Improving epilepsy care: HBP researchers involved in major clinical trial

    24 October 2018


    In a world’s first, personalized brain modelling is providing the basis for a large-scale clinical trial in epilepsy.  The approach could bring the first breakthrough in decades for drug resistant epilepsy patients undergoing brain surgery.
     

    Press Release 19 October 2018

    In a world’s first, personalized brain modelling is providing the basis for a large-scale clinical trial in epilepsy.  The approach could bring the first breakthrough in decades for drug resistant epilepsy patients undergoing brain surgery.

    The project EPINOV, short for “Improving EPilepsy surgery management and progNOsis using Virtual brain technology”, is testing the use of brain modeling to improve epilepsy care in a large clinical study.

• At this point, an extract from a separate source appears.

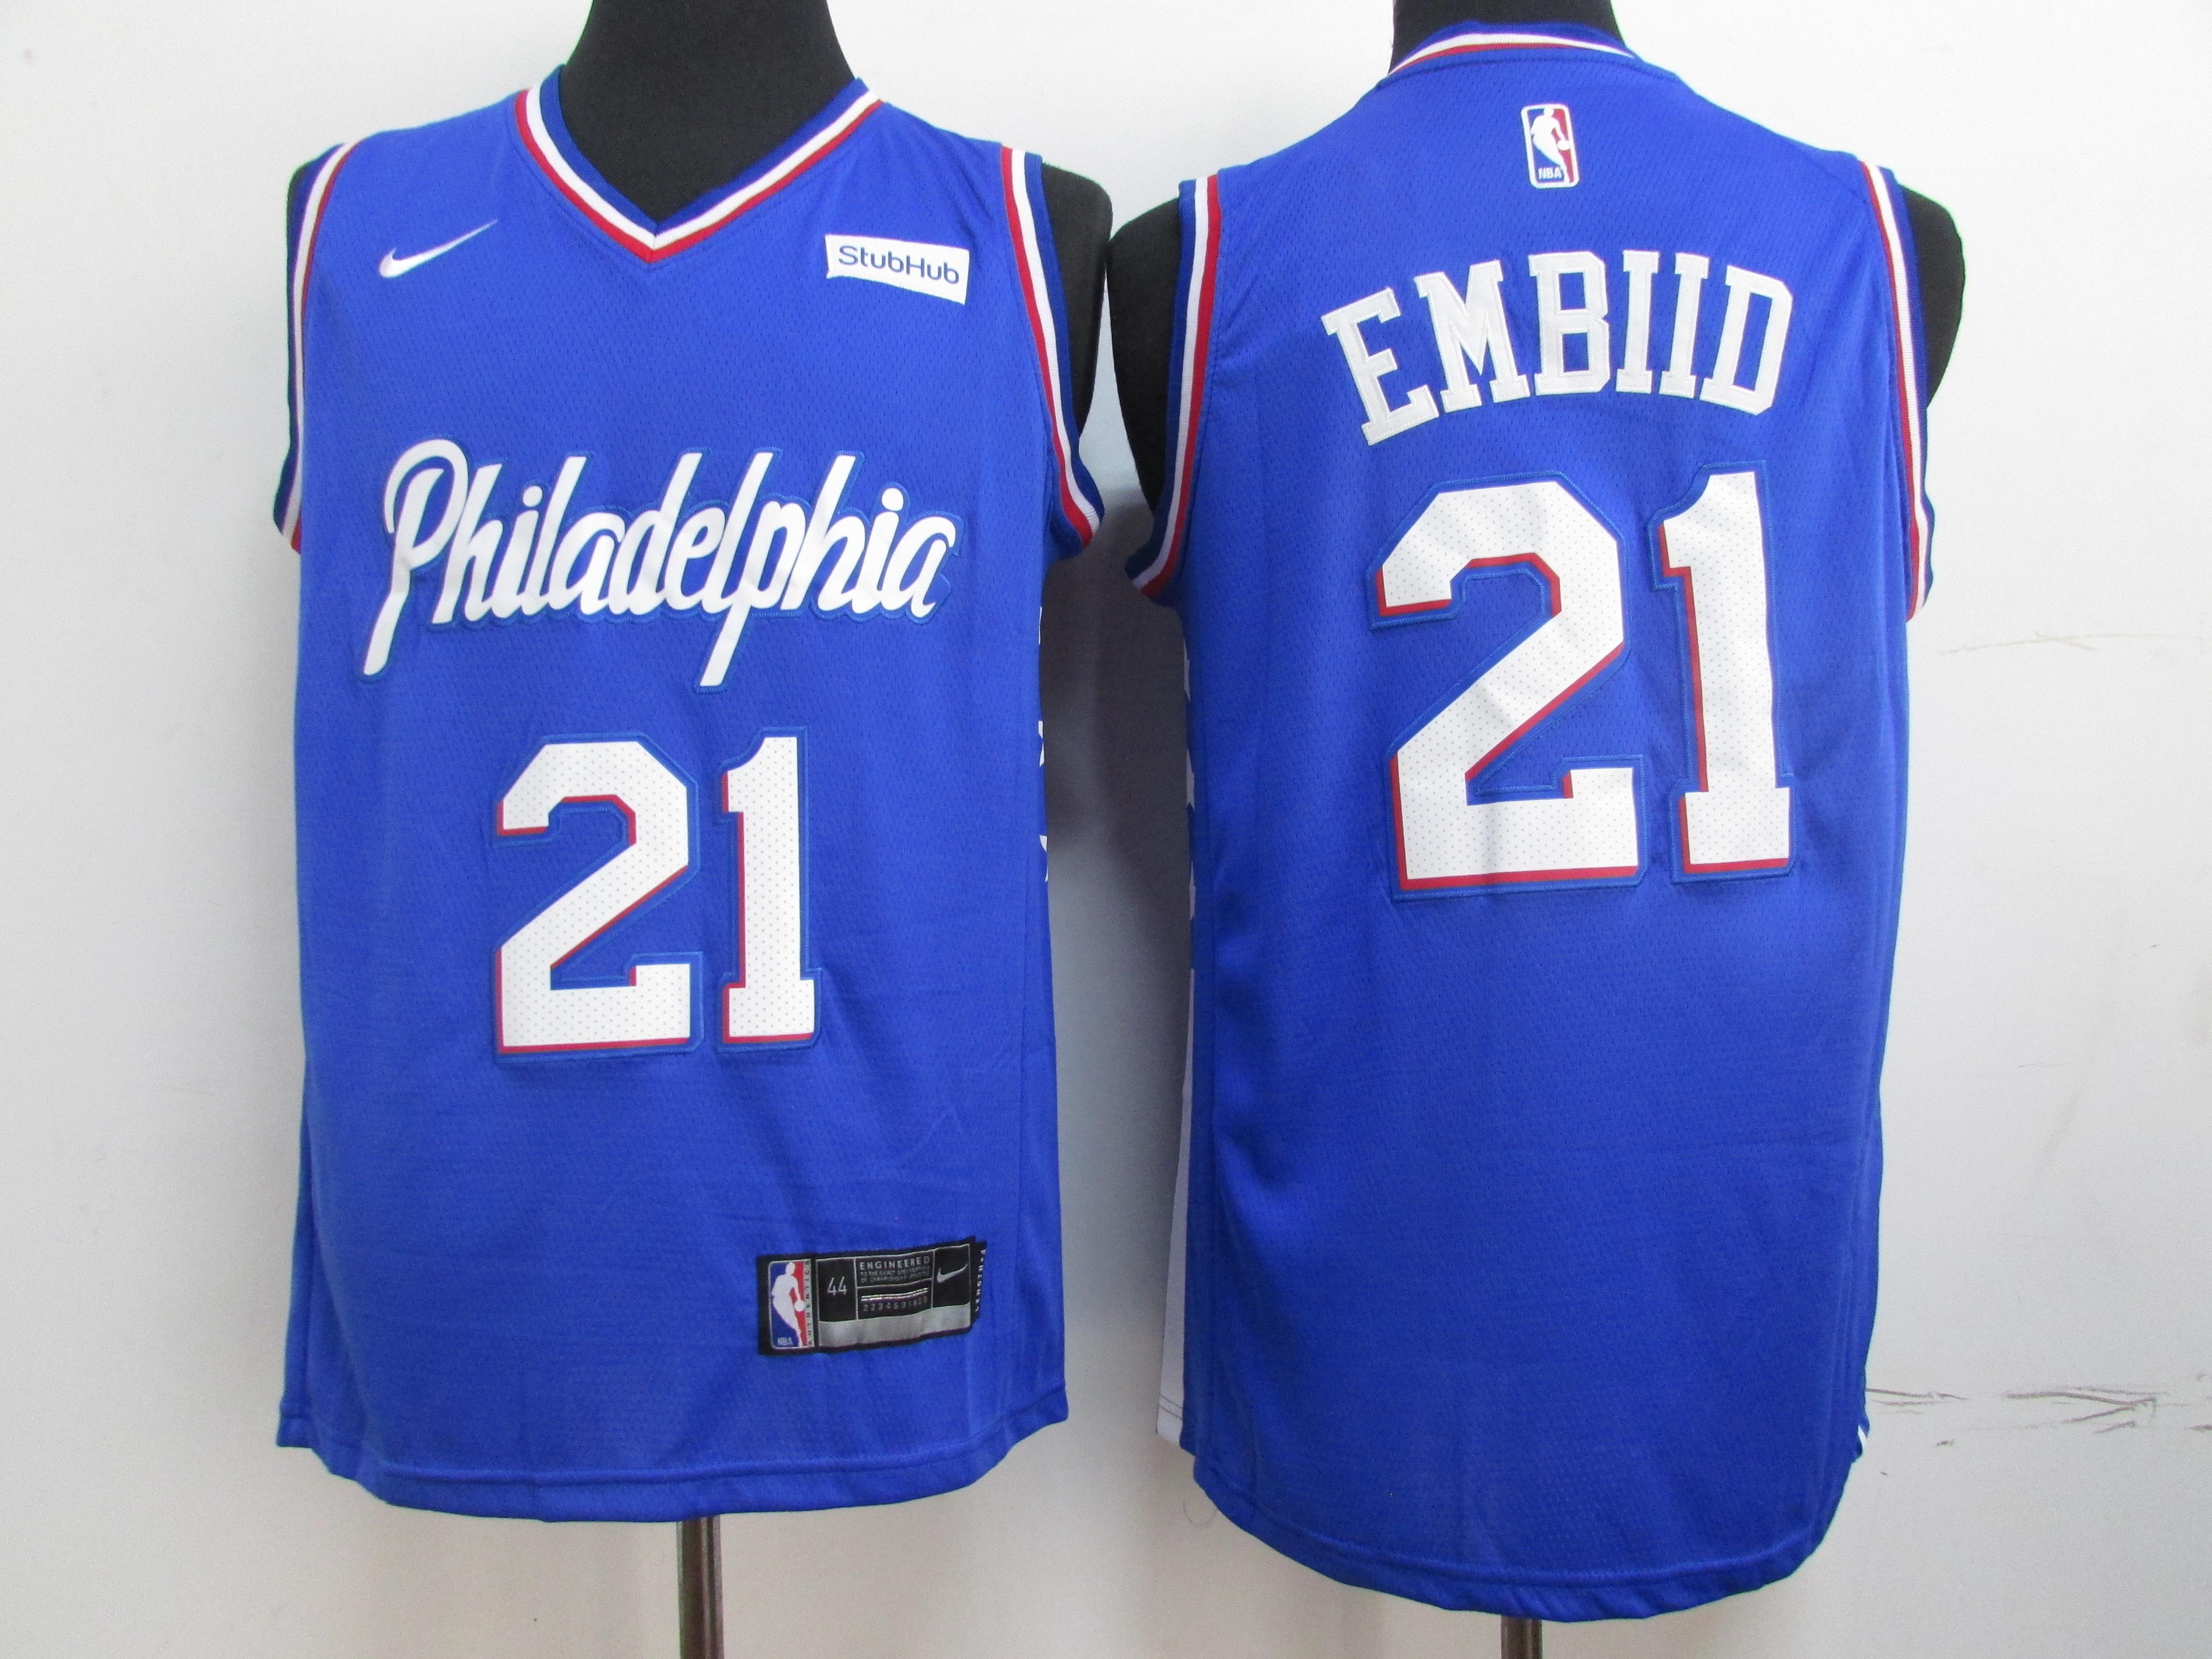 76ers 21 Joel Embiid Blue Nike Swingman Jersey

The project is based on the brain simulation technology “The Virtual Brain”, that HBP scientist Viktor Jirsa has developed with collaborators. To help clinicians plan surgery strategies, the scientists create personalized brain models of patients and simulate the spread of abnormal activity during epileptic seizures. Two pilot studies showed promising results for the approach. Now, this personalized brain modelling approach is providing the basis for a large-scale clinical trial in 11 French hospitals. A consortium has taken up preparatory work at the beginning of this year, with the clinical testing planned to begin in January 2019.


    Epilepsy affects about one percent of the population and comes with debilitating seizures, caused by waves of synchronized brain activity propagating through the brain. While for many patients these seizures can be controlled by drugs, almost a third of the patients are drug resistant. For them, only surgery remains as an option in which the epileptogenic zone – the area or network from which the seizure activity emerges and then propagates throughout the brain – is removed. 

    “The challenge in planning these surgeries is to localize the epileptogenic zone as precisely as possible”, Viktor Jirsa explains. The scientist is Director of Inserm’s Institut de Neurosciences des Systèmes (INS) at Aix-Marseille University and Director of Research at the CNRS. In HBP he is the Deputy Leader of the research area of Theoretical Neuroscience and Scientific Leader of a project developing a multimodal and multi-scale human brain atlas.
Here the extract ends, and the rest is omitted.